Adnoc advances crude flexibility project: Correction

  • Market: Crude oil, Oil products
  • 13/01/19

Corrects value of the project in paragraph 1

Abu Dhabi state-owned Adnoc has broken ground on its 11bn UAE dirham ($3bn) crude flexibility project at the 817,000 b/d Ruwais refining complex.

The project will enable the 417,000 b/d Ruwais 2 refinery complex to process more sour crude, allowing for increased exports of higher-value light crudes. Specifically, Adnoc expects to process more of its 33.9°API Upper Zakum and export more 40.5°API Murban.

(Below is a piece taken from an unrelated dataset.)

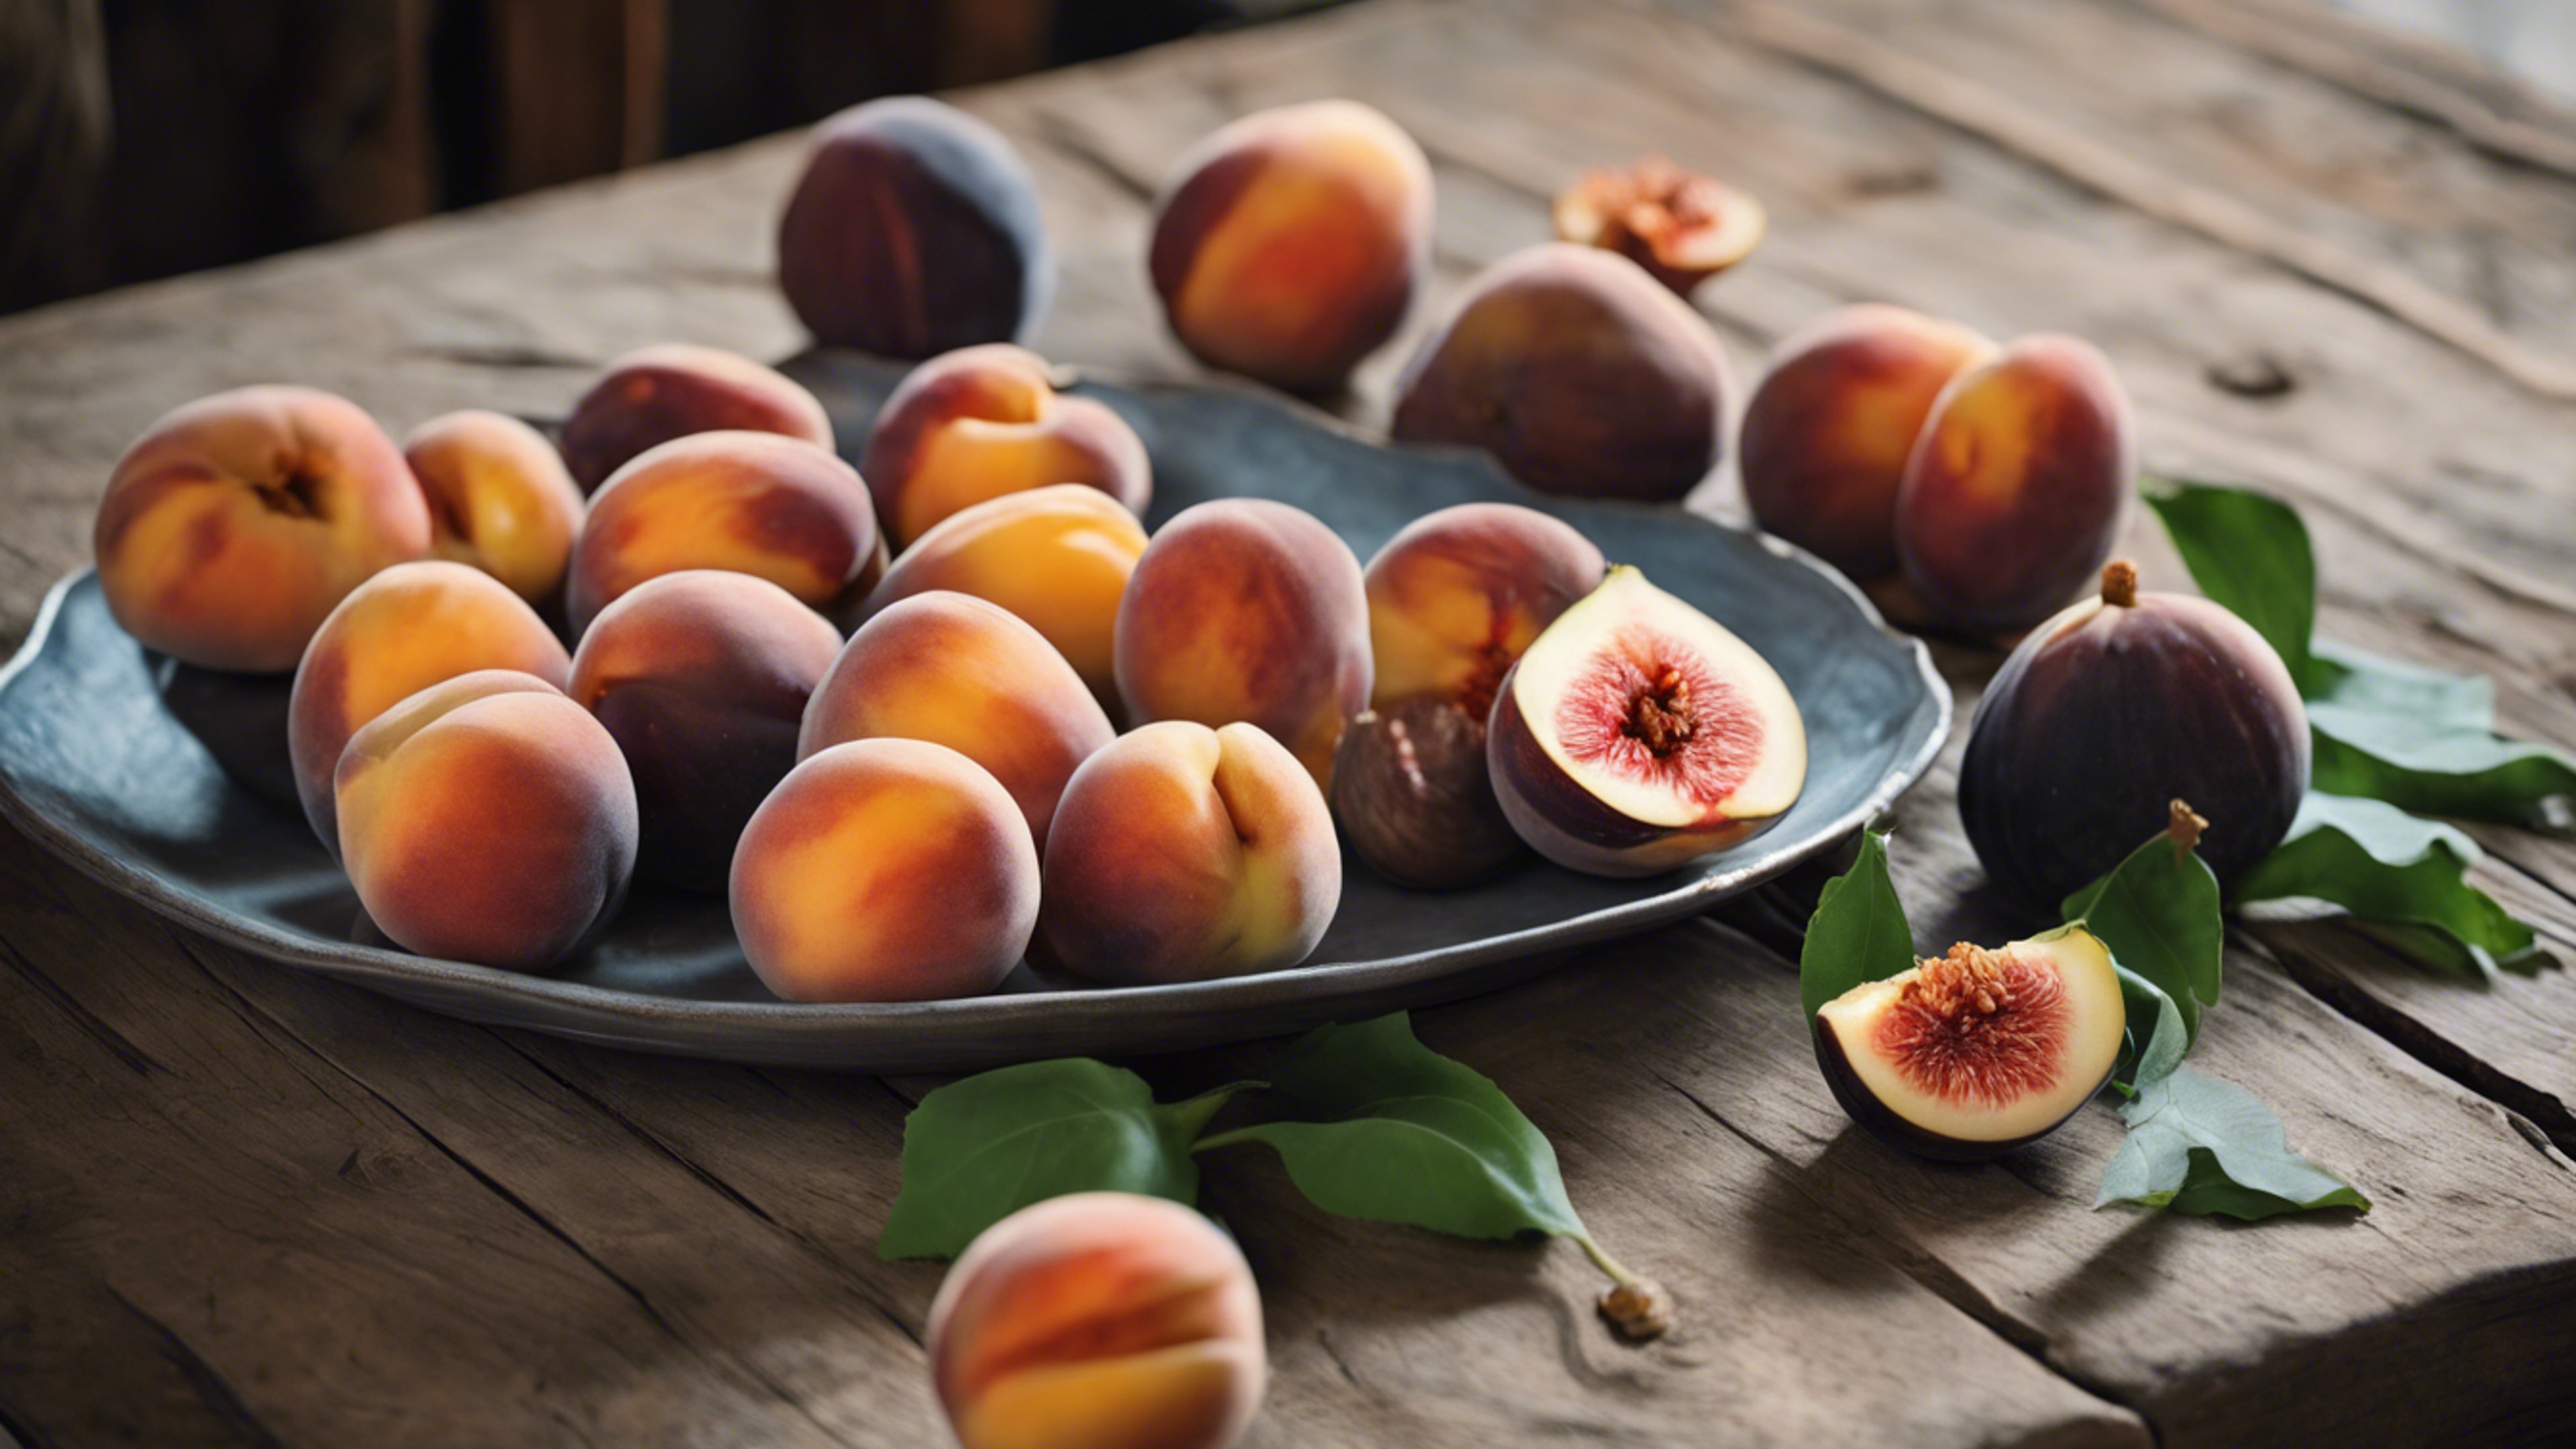 Still life of peaches and figs arranged beautifully on a rustic wooden table. Tapeta[c31d3ce6096543dcac89]

The planned modifications will add an atmospheric residue de-sulphurisation unit, to enable the upgrading of medium to heavy oils and residues to more valuable and environmentally friendly transportation fuels, and to partially convert the residues to produce low-sulphur fuel oil (LSFO) and hydrotreated feedstocks. The project is scheduled for completion by the end of 2022.

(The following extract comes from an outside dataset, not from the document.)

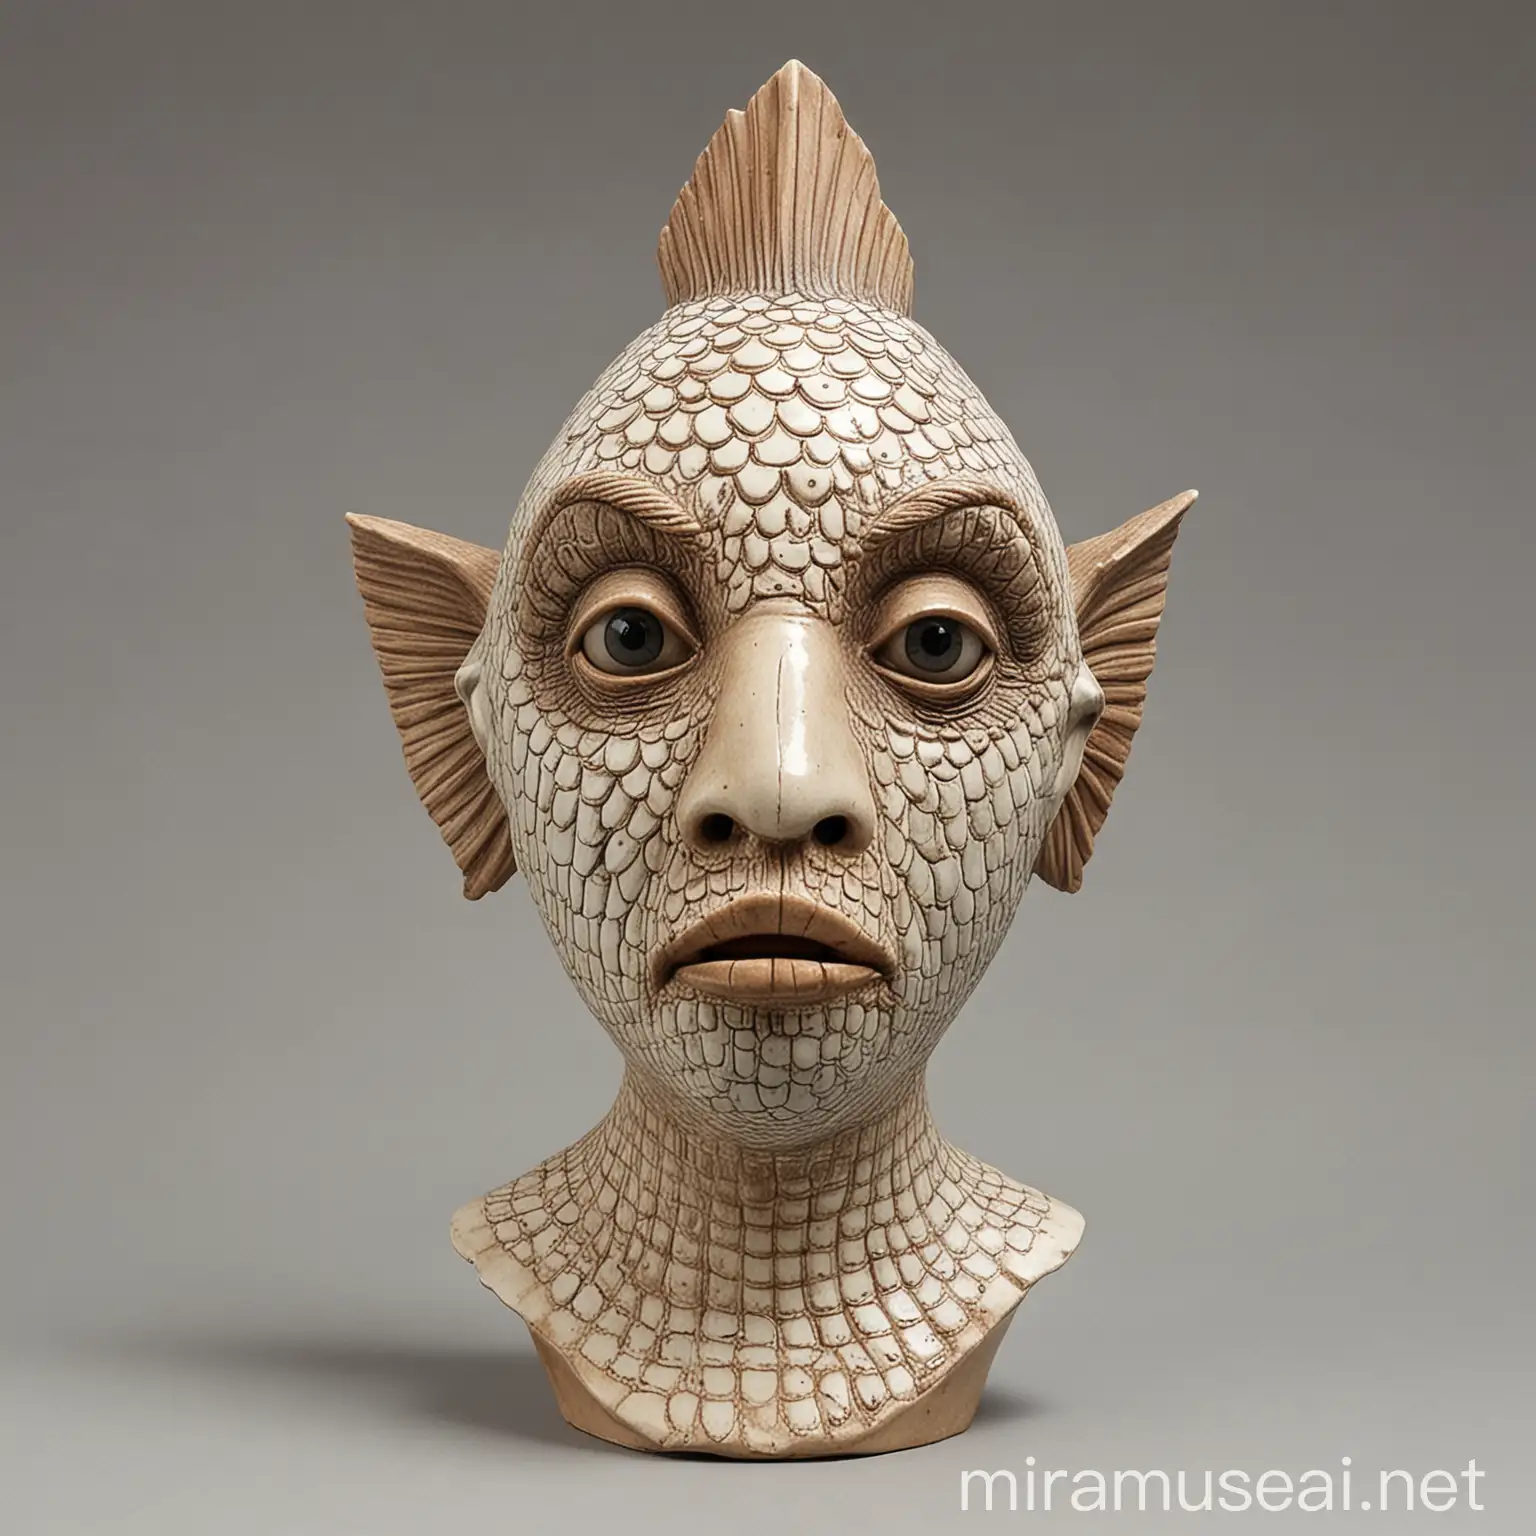 Primitive Ceramic Bust with HumanFish Features

To further capitalize on its sour crude processing capacity, Adnoc is converting one of its single-point mooring (SPM) export facilities to an import facility. This will allow it to import around 600,000 b/d of mostly sour crude by 2024.

This is all part of Adnoc's $45bn plan to create the world's largest integrated refining and petrochemicals complex at Ruwais. This includes a plan to expand the country's overall refining capacity by around 65pc, or 600,000 b/d, with the addition of a third refinery by 2025.

Abu Dhabi has 922,000 b/d of refining capacity, comprising Ruwais and the 85,000 b/d Abu Dhabi refinery. Ruwais 2's 127,000 b/d residual fluid catalytic cracker (RFCC) will resume commercial production this month or next month. It has been closed since a fire in June 2018.